You obtain 33 sequences. On the top of the page, there is links to the get access to the lists "name", "species" and "keyword". The "name" list contains 12 sequences, the "species" list contains 1 sequence and the "keyword" list contains 32 sequences.

The global merged list contains 33 sequences.

It seems obvious that as in the example 2.3 the 12 sequences of "name" exist in "keyword", and then there is 32 sequences + 1 sequence from "species" = 33 sequences in the total list.

The 12 sequences of "name" are associated to the keywords "BTG1 protein", "BTG2 protein", "BTG3 protein" and "BTG4 protein". Among the 32 sequences of "keyword" some are associated to "BTGa protein", "BTGb protein", "BTG-26", "LYSINE-N-OXYGENASE MBTG", etc. and are not closely related to the 12 sequences found in "name".

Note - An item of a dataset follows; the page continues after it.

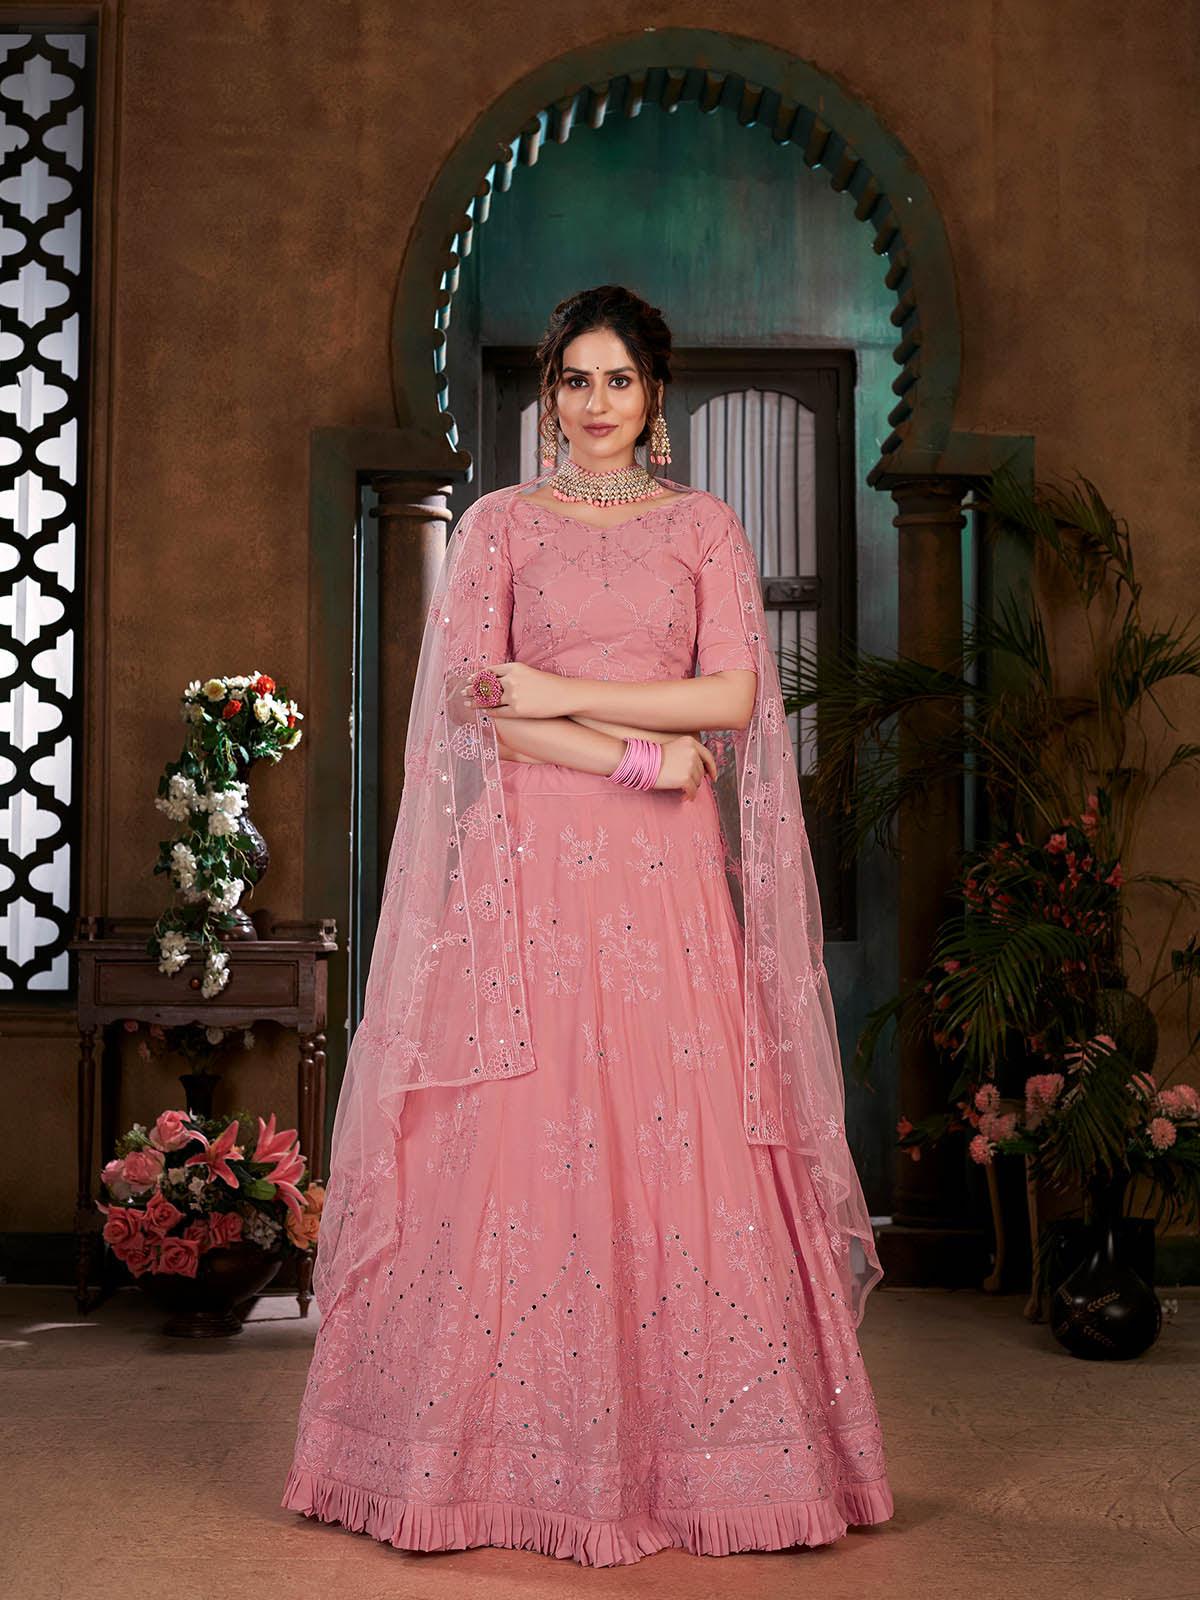 Kiara Advani Is A Picture Of Bridal Perfection Draped In A Manish Malhotra  Lehenga For Wedding To Sidharth Malhotra

If you click on the "species" , you find the sequence


Q9F4D7  RepA1 protein.

If you check the sequence annotation you get :


ID   Q9F4D7      PRELIMINARY;      PRT;   278 AA.
AC   Q9F4D7;
DT   01-MAR-2001 (TrEMBLrel. 16, Created)
DT   01-MAR-2001 (TrEMBLrel. 16, Last sequence update)
DT   01-JUN-2003 (TrEMBLrel. 24, Last annotation update)
DE   RepA1 protein.
GN   Name=repA1;
OS   Buchnera aphidicola.
OG   Plasmid pleu-BTg.
OC   Bacteria; Proteobacteria; Gammaproteobacteria; Enterobacteriales;
OC   Enterobacteriaceae; Buchnera.
OX   NCBI_TaxID=9;
RN   [1]
RP   SEQUENCE FROM N.A.
RC   STRAIN=Tuberolachnus salignus;
RX   MEDLINE=20461460; PubMed=10984505; DOI=10.1073/pnas.180310197;
RA   Van Ham R.C.H.J., Gonzalez-Candelas F., Silva F.J., Sabater B.,
RA   Moya A., Latorre A.;
RT   "Post-symbiotic plasmid acquisition and evolution of the repA1-
RT   replicon in Buchnera aphidicola.";
RL   Proc. Natl. Acad. Sci. U.S.A. 97:10855-10860(2000).
RN   [2]
...
...

The OG field gives the organelle associated to the sequence which is :


Plasmid pleu-BTg.

It is clear that this sequence is not related to any BTG protein, it has been selected because of the organelle name.